Many implantable medical device systems use magnetically coupled antennas for one or both of telemetry communications and inductive recharging of a power source of the implantable medical device. In both scenarios, the relative positioning of the primary and secondary, i.e., external and internal, antennas is important to the performance of the system. This is especially true for recharging, where the positioning of the primary antenna has a dramatic impact on the efficiency of the recharge procedure and on the associated time that must be spent recharging. Localization of an external device relative to an implanted object can also be very important in, for example, implantable drug pump systems, where it may be necessary to locate a subcutaneous refill port.

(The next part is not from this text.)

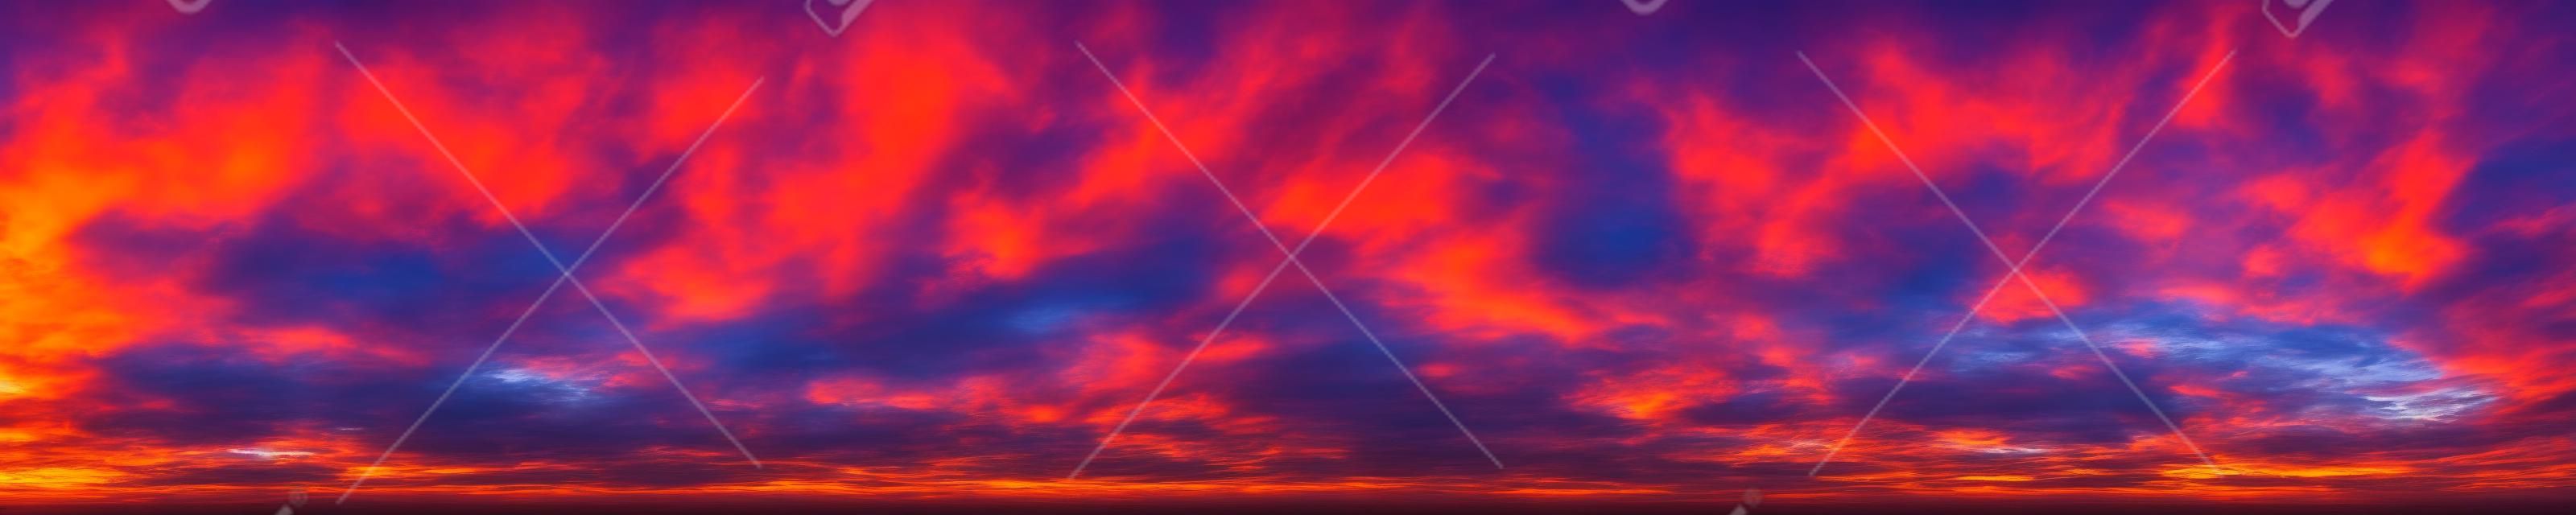 Panorama von dramatisch lebendigen Farben mit wunderschönen Wolken von Sonnenaufgang und Sonnenuntergang. Panoramabild.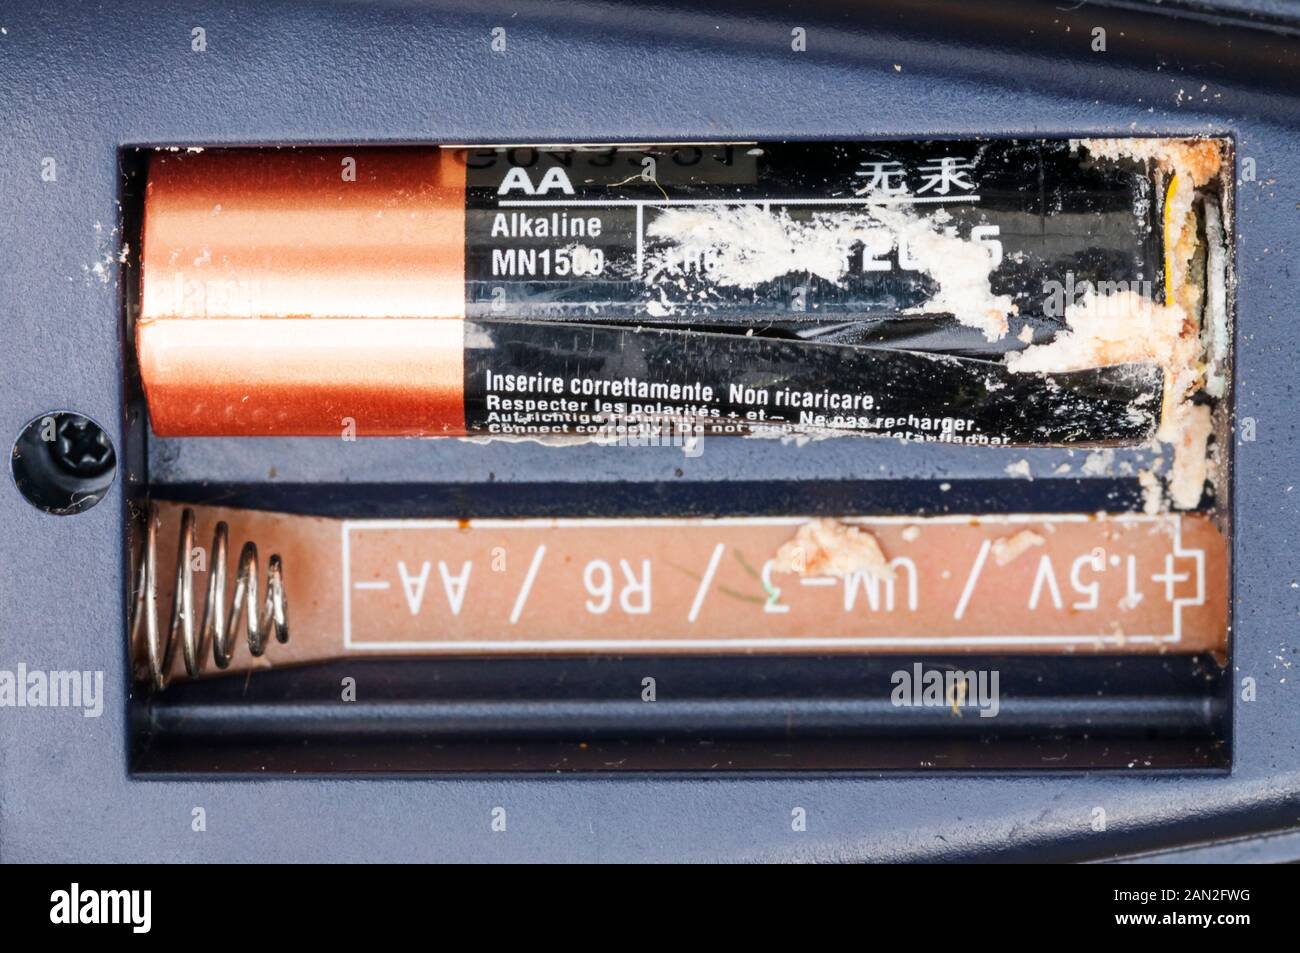 A leaking AA alkaline battery. Stock Photo

Some existing implantable medical device systems incorporate an antenna, or other implanted object, locating feature. This feature has variously been implemented using a signal strength approach, e.g., measuring the strength of a telemetry signal sent by an implantable medical device to the external antenna, or by using a metal detection approach, e.g., measuring the loading of the external antenna caused by the proximity of the implant. However, both of these techniques are limited to providing an output proportional to the distance of separation. This output, while somewhat useful in guiding the user into better placement, does not contain enough information to generate precise guidance.
Systems have also been built that locate an implanted object using multiple external antennas to triangulate the position of implanted object, e.g., an internal antenna. This type of system can provide more detailed guidance to a user for location, but only at the expense of additional external hardware, and additional consumption of power to drive the additional antennas.